SAP is the market leader in enterprise application software, with customers in over 180 countries. More than three-quarters of the world’s transaction revenue touches an SAP system.
In recent years, SAP has been on a journey to digitally transform its business and move customer-facing services to the cloud. As part of his role within the Global Cloud Services (GCS) team, Mitchell Rose, Senior Program Manager, is responsible for the global uptime of these services. “SAP’s vision is to help the world run better and improve people’s lives,” he explained, “but to do this, we need to ensure that there are fewer—and less impactful—cloud outages and incidents that affect our customers.”
The Global Cloud Services team’s vision is to help technology teams within SAP ensure that their cloud services and infrastructure remains always on through intelligent outage management. “This meant creating a major incident service that could scale at an SAP level, helping us to ensure the uptime of services such as Ariba, Concur, and Fieldglass,” said Rose.
Considering the above challenges, the team knew that developing and rolling out such a service in an organization the size of SAP would be challenging. Many teams were using in-house tools customized for their respective technology teams; however, they weren’t scalable across the entire organization. Over the years, the acquisitions by SAP led to the use of different tools and processes across the organization, making collaboration and cohesion difficult.
“Across teams, there were very different operating models,” explained Rose. “There were differences in operational definitions, and the word ‘priority’ had different meanings to different teams. They also had different ticketing systems, ChatOps tools, processes, and practices. To be successful, we needed a best-of-breed platform that mapped to our vision for major incident response. This is why we adopted PagerDuty.”

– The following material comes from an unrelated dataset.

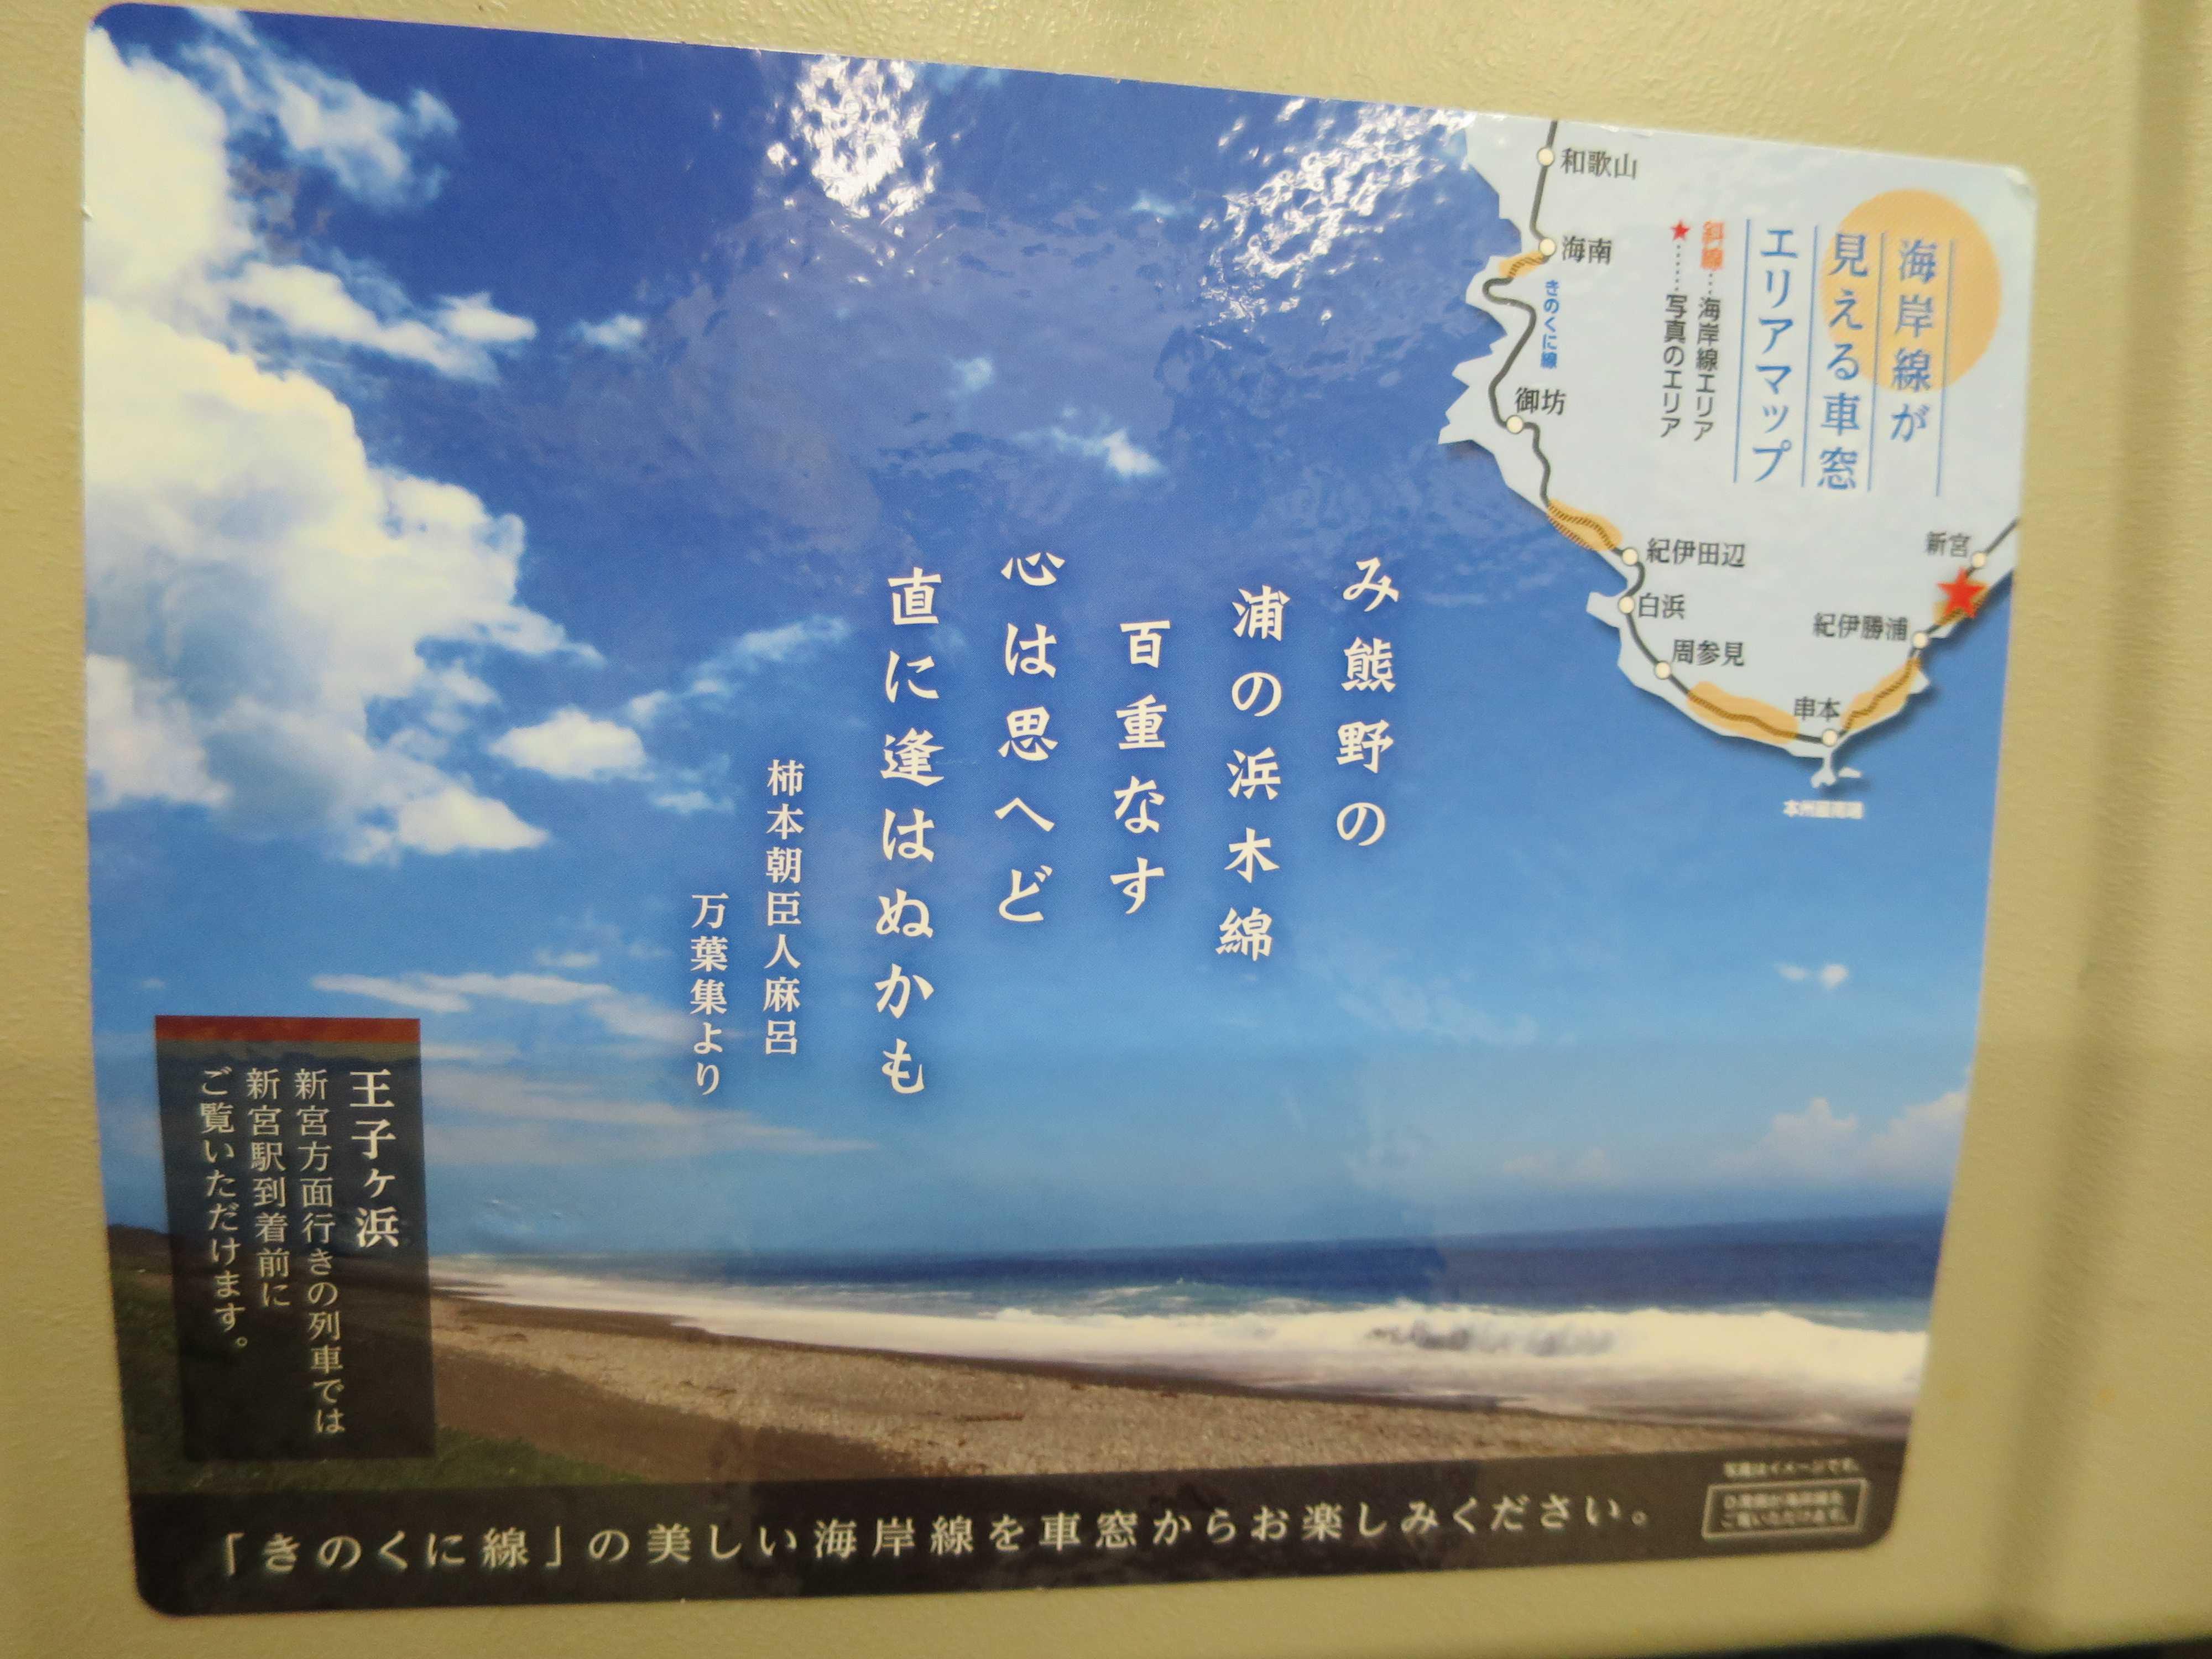 み熊野の 裏の浜木綿 百重なす 心は思へど 直に逢わぬかも 柿本朝臣人麻呂
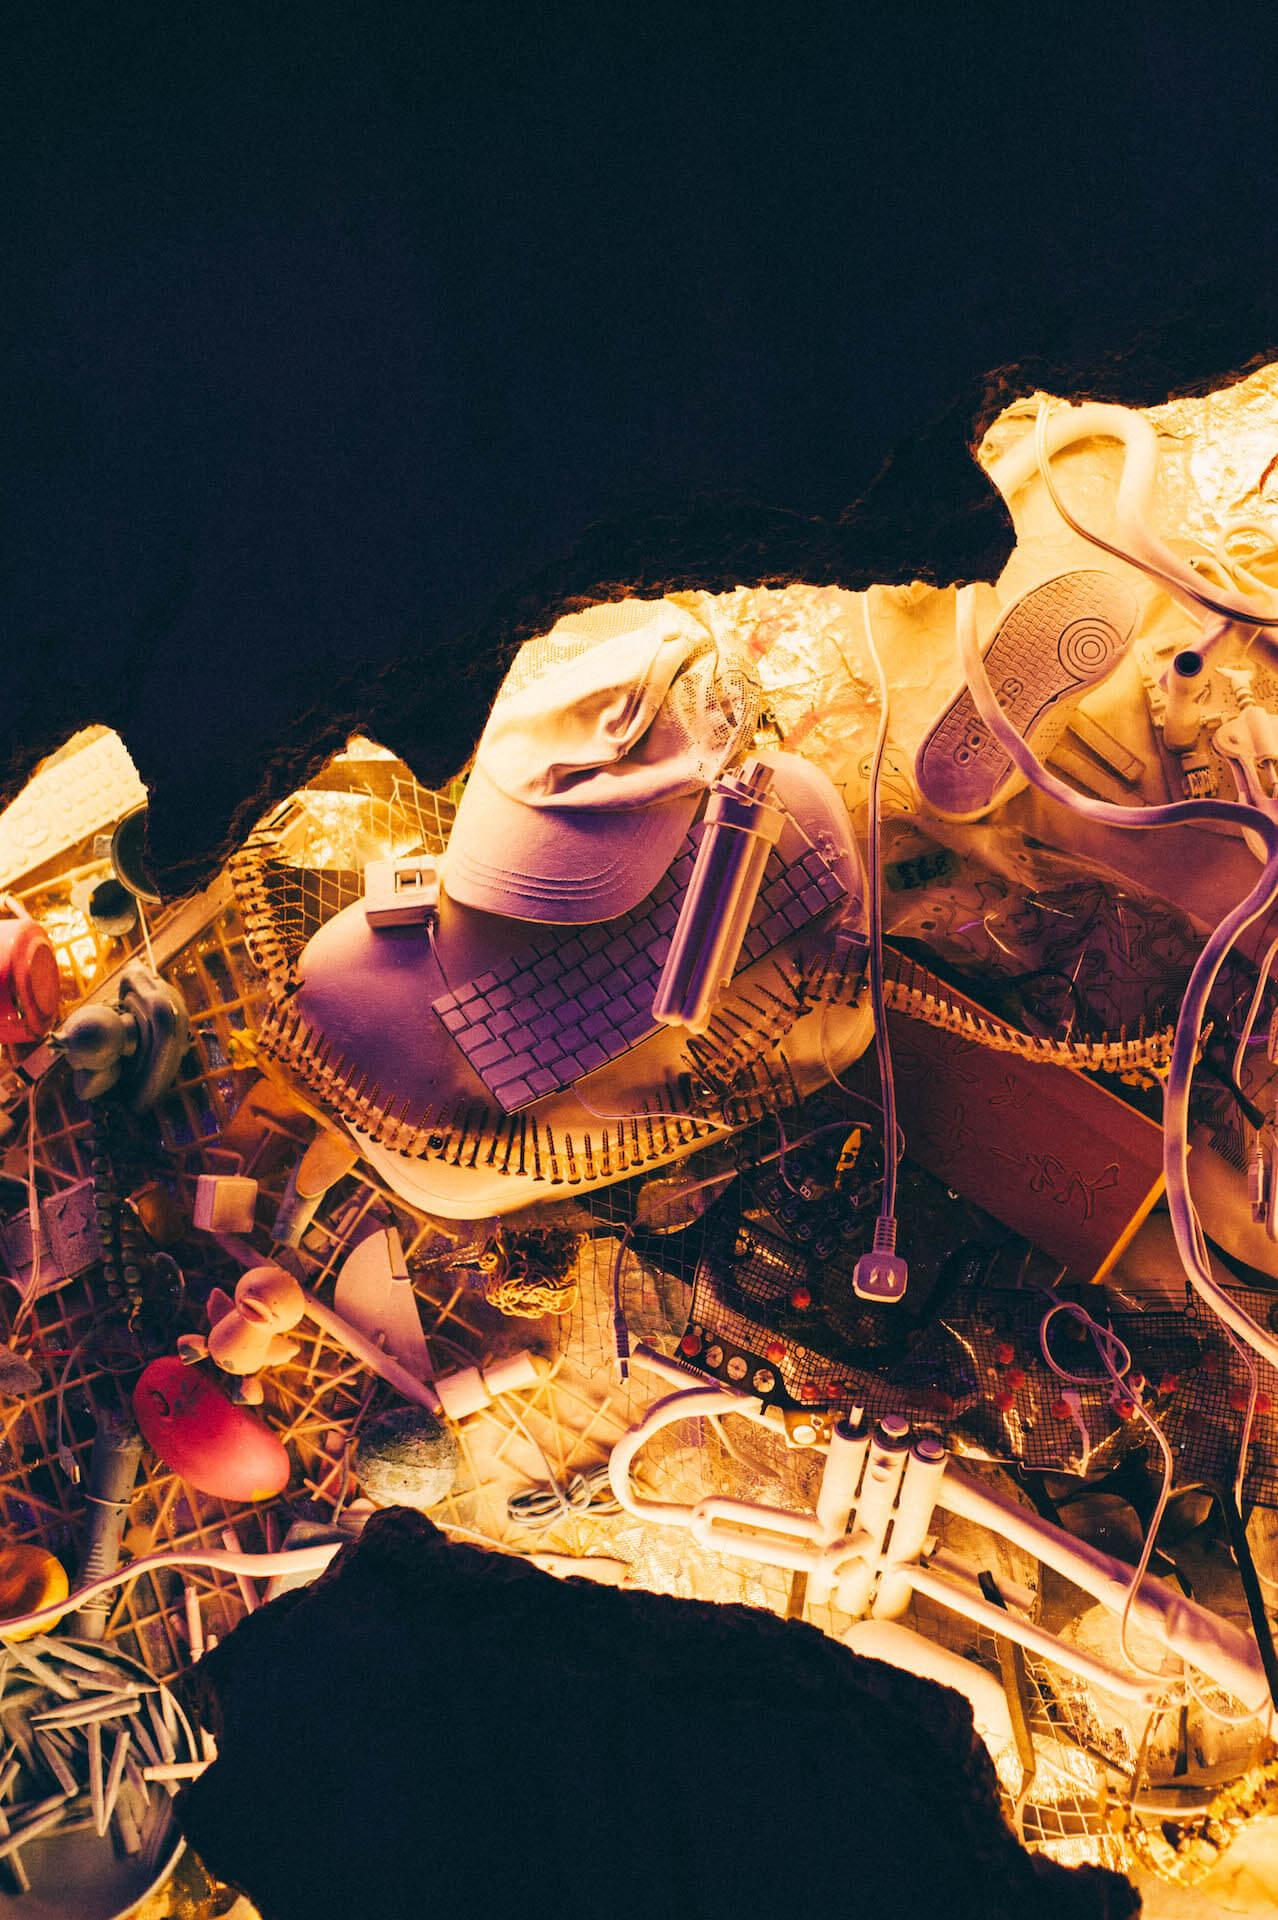 新生渋谷PARCOのカオスなフードエリア「CHAOS KITCHEN」注目の3店舗をピックアップ lfefashion-20191122-parco-8767

SAP’s Global Cloud Services team uses PagerDuty to orchestrate their major incident response. Since adopting PagerDuty, SAP has improved its major incident handling, reducing initial response and communications times to critical incidents by 30% and resolution times by 26% in two months.
“We have successfully reduced the impact and duration of major incidents,” shared Rose. “With PagerDuty, we’re able to engage the right people, on the right issues, at the right time. As a result, we’ve reduced the number of people needed to resolve major incidents by 25% in just two months.”
PagerDuty has also helped improve communication between teams and stakeholders. When SAP needs to triage critical, customer-impacting incidents, such as cloud service disruptions, SAP activates “SWAT” mode, its internal critical response procedure. The SWAT team then drives internal business communications, including those responsible for customer communications.
Through PagerDuty, the SWAT team has access to real-time information about the status of an incident, allowing them to keep other stakeholders—including senior management—updated. Decisions to engage SWAT mode are made more quickly as a result, helping to reduce major incident response time from hours to minutes in many cases.
GCS has made PagerDuty a key part of its major incident framework so they can better collaborate with Major Incident Management (MIM) teams across SAP. Now, when a major incident occurs, the relevant team—such as the SuccessFactors or Ariba MIM team—is notified to help coordinate the best response.
“PagerDuty helped us align core business and technology teams around a common operating model for major incident response,” said Rose. “By using a common framework, we have aligned on processes and criteria for severity and priority. We’re also driving clear responsibility for services during a major incident, which has been scaled at an SAP level.”
Since implementing PagerDuty, SAP’s Global Cloud Services team has improved operational excellence, with benefits including:
“PagerDuty has become mission critical for SAP, enabling our teams to collaborate and rapidly respond to major incidents, and helping us to continue to provide SAP customers with world-class digital services,” concluded Rose.
SAP’s Global Cloud Services team works hard to improve incident troubleshooting and will use PagerDuty postmortem reports, as well as past incidents, to help troubleshoot current issues. In addition, SAP wants to further automate its major incident response process by creating automated runbooks, aligned to key business impact metrics using PagerDuty.